# Vacanze romane, consigli



## Jino (30 Giugno 2015)

Ad agosto ho una mezza idea di passare una settimana a Roma, qualcuno può darmi qualche dritta? 

In linea di massima intendo venire in treno, quindi mi piacerebbe capire in che stazione arrivare, un ottimo albergo (rapporto qualità prezzo) in zona (non molto distante e facilmente raggiungibile a piedi) e che sia abbastanza comodo poi per potersi muovere per la città. 

Consigli?


----------



## Jino (1 Luglio 2015)

up!


----------



## Jino (2 Luglio 2015)

[MENTION=1]Admin[/MENTION] Consigli?


----------



## admin (2 Luglio 2015)

Stazione Termini. Gli alberghi nei dintorni però non sono granchè. C'è il Radisson ubicato molto bene (per muoverti liberamente) ma il prezzo credo sia abbastanza alto.
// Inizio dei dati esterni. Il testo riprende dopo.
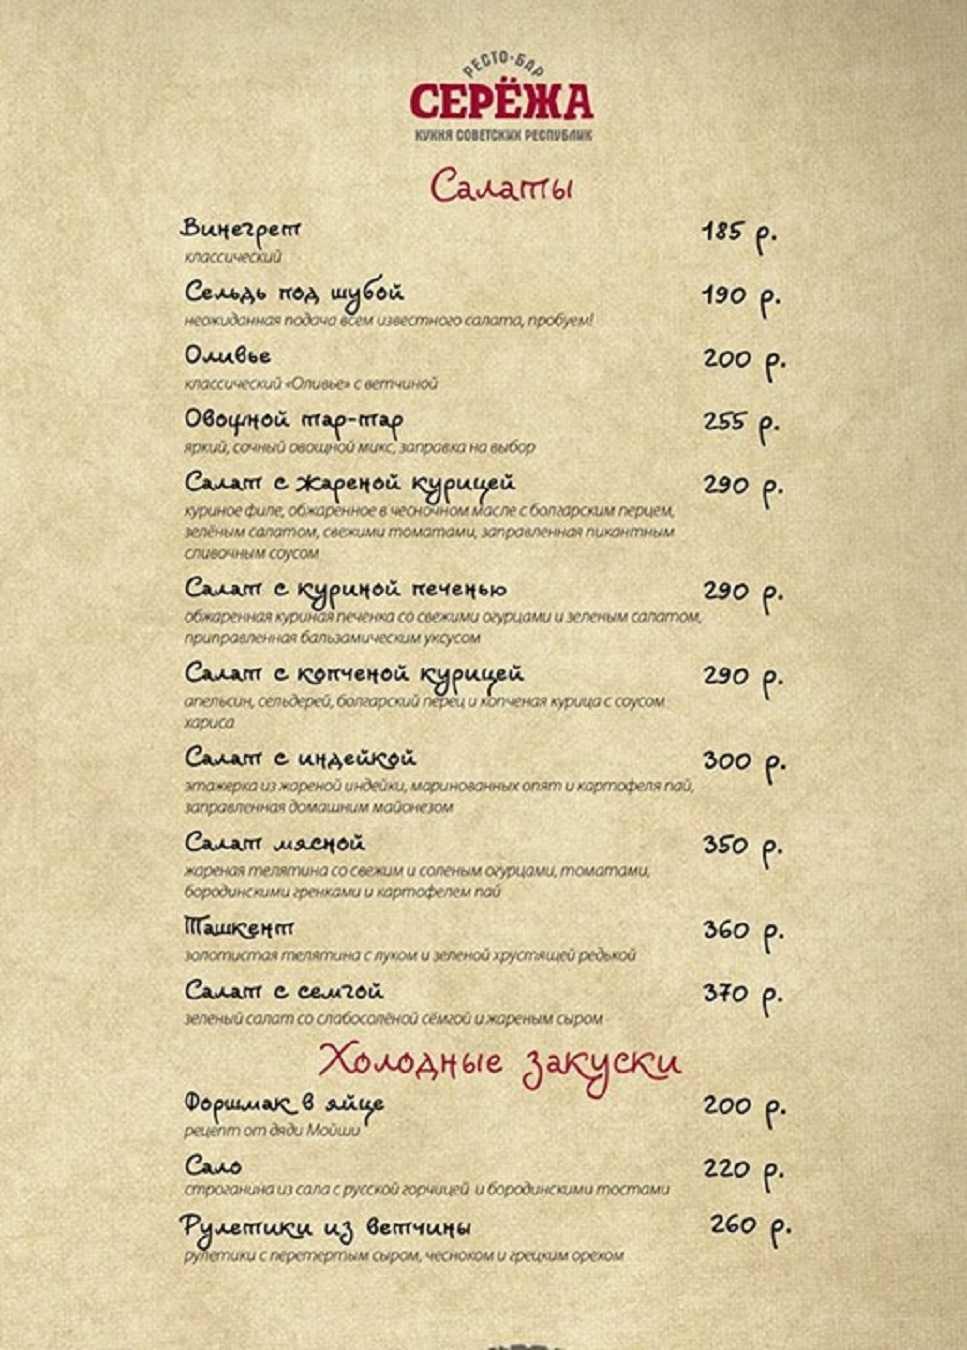 Меню кафе Серёжа на Сущевской улице

Prova a cercare un pò di hotel e relativi prezzi in queste zone (se ti piace passeggiare, da lì arrivi ovunque):

Termini
Piazza della Repubblica
Merulana 
Esquilino - Piazza Vittorio (ma non è il massimo)

Mi fermo qui. Perchè se ti addentri per via Nazionale/Monti ti tirano in testa coi prezzi.


----------



## Jino (2 Luglio 2015)

Admin ha scritto:


> Stazione Termini. Gli alberghi nei dintorni però non sono granchè. C'è il Radisson ubicato molto bene (per muoverti liberamente) ma il prezzo credo sia abbastanza alto.
> 
> Prova a cercare un pò di hotel e relativi prezzi in queste zone (se ti piace passeggiare, da lì arrivi ovunque):
> 
> ...



Ok grazie, comincerò a dare un occhio. Altri consigli sulla città? Cose da evitare?


----------



## admin (3 Luglio 2015)

Jino ha scritto:


> Ok grazie, comincerò a dare un occhio. Altri consigli sulla città? Cose da evitare?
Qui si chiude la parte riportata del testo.